This article has been updated

Abstract

Objective

To investigate whether epicardial fat volume (EFV) quantified on ECG-nongated noncontrast CT (nongated-NCCT) could be used as a reliable and reproducible predictor for coronary artery disease (CAD).

Methods

One hundred seventeen subjects (65 men, mean age 66.6 ± 11.9 years) underwent coronary CT angiography (CCTA) and nongated-NCCT during a single session because of symptoms suggestive of CAD. Two observers independently quantified EFV on both images. Correlation between CCTA-EFV and nongated-NCCT-EFV was assessed using Pearson’s correlation coefficient and Bland–Altman plots.

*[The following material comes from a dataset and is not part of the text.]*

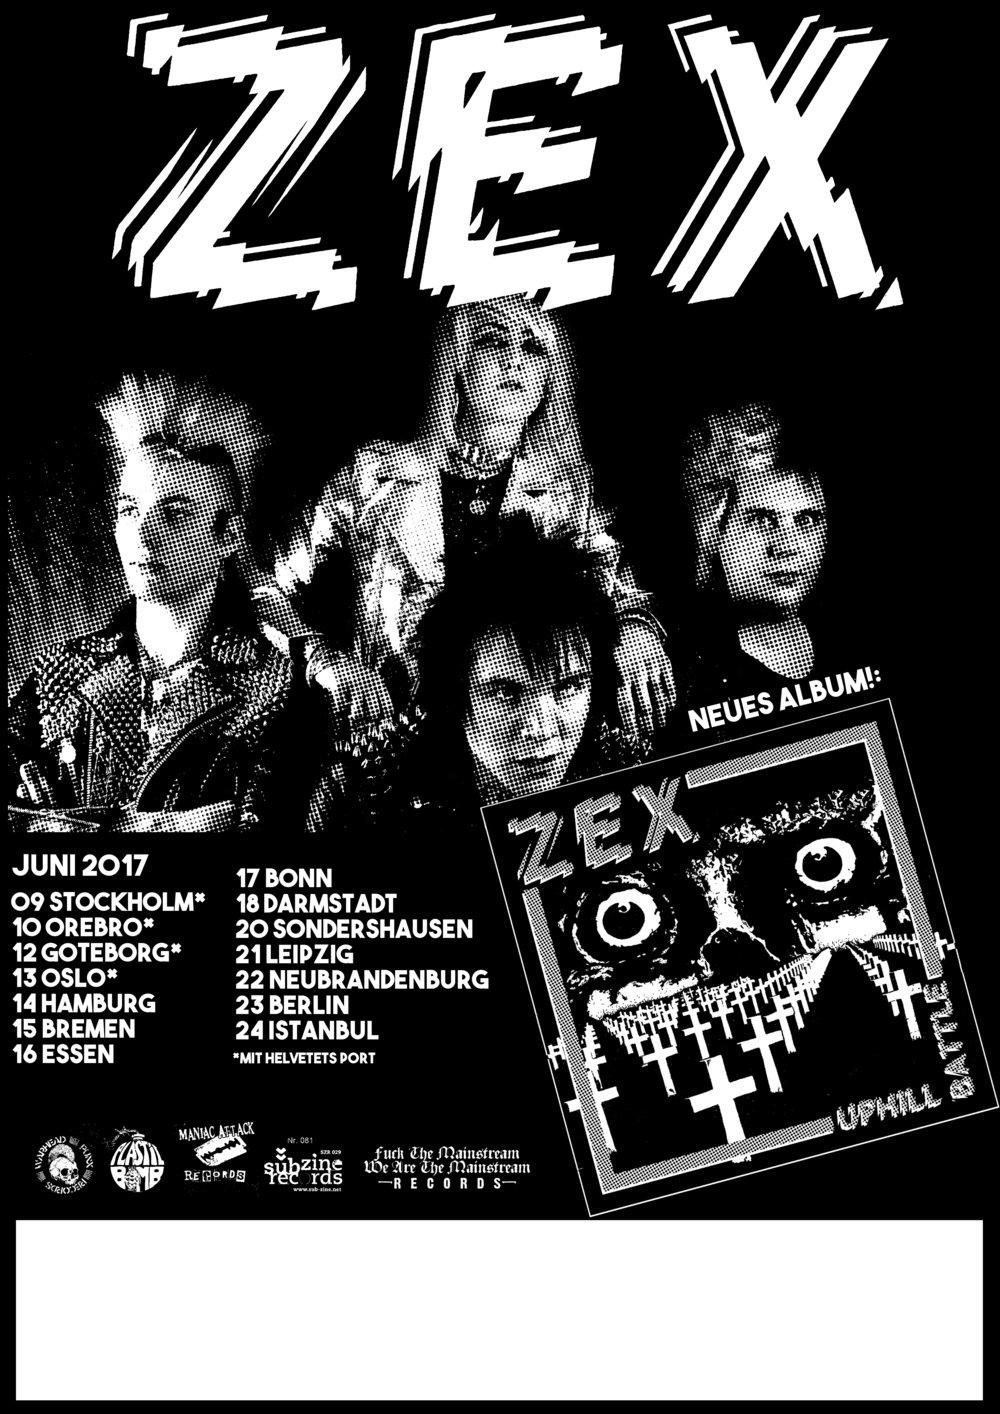 flyer-17.06.08-eurotour.jpg

Inter-observer agreement was analyzed using concordance correlation coefficients (CCC). Coronary risk factors including EFV were compared between CAD-positive (> 50% stenosis) and CAD-negative groups. The association between EFV and CAD was analyzed using multivariate logistic regression. ROC analysis was performed, and AUC was compared with DeLong’s method.

Results

Seventy-four subjects were diagnosed with CAD. An excellent correlation was noted between CCTA-EFV and nongated-NCCT-EFV (r = 0.948, p < 0.001), despite the systematic difference between both measurements (mean bias, 1.26). Inter-observer agreement was nearly perfect (CCC, 0.988 and 0.985 for CCTA and nongated-NCCT, respectively, p < 0.001). Significant differences were noted between subjects with versus without CAD in age, hypertension, and EFV on both types of images (p ≤ 0.026). Multivariate analysis revealed that increased EFV on CCTA (odds ratio 1.185, p = 0.003) and nongated-NCCT (odds ratio 1.20, p = 0.015) was independently associated with CAD. There was no significant difference between CCTA-EFV and nongated-NCCT-EFV in AUC for the prediction of CAD (0.659 vs 0.665, p = 0.706).

Conclusions

Despite the absence of ECG gating, EFV measured on NCCT may serve as a reproducible predictor for CAD with accuracy equivalent to EFV measured on CCTA.

Key Points

Despite the absence of ECG gating, the EFV on NCCT provides nearly perfect inter-observer reproducibility and shows excellent correlation with measurements on gated CCTA.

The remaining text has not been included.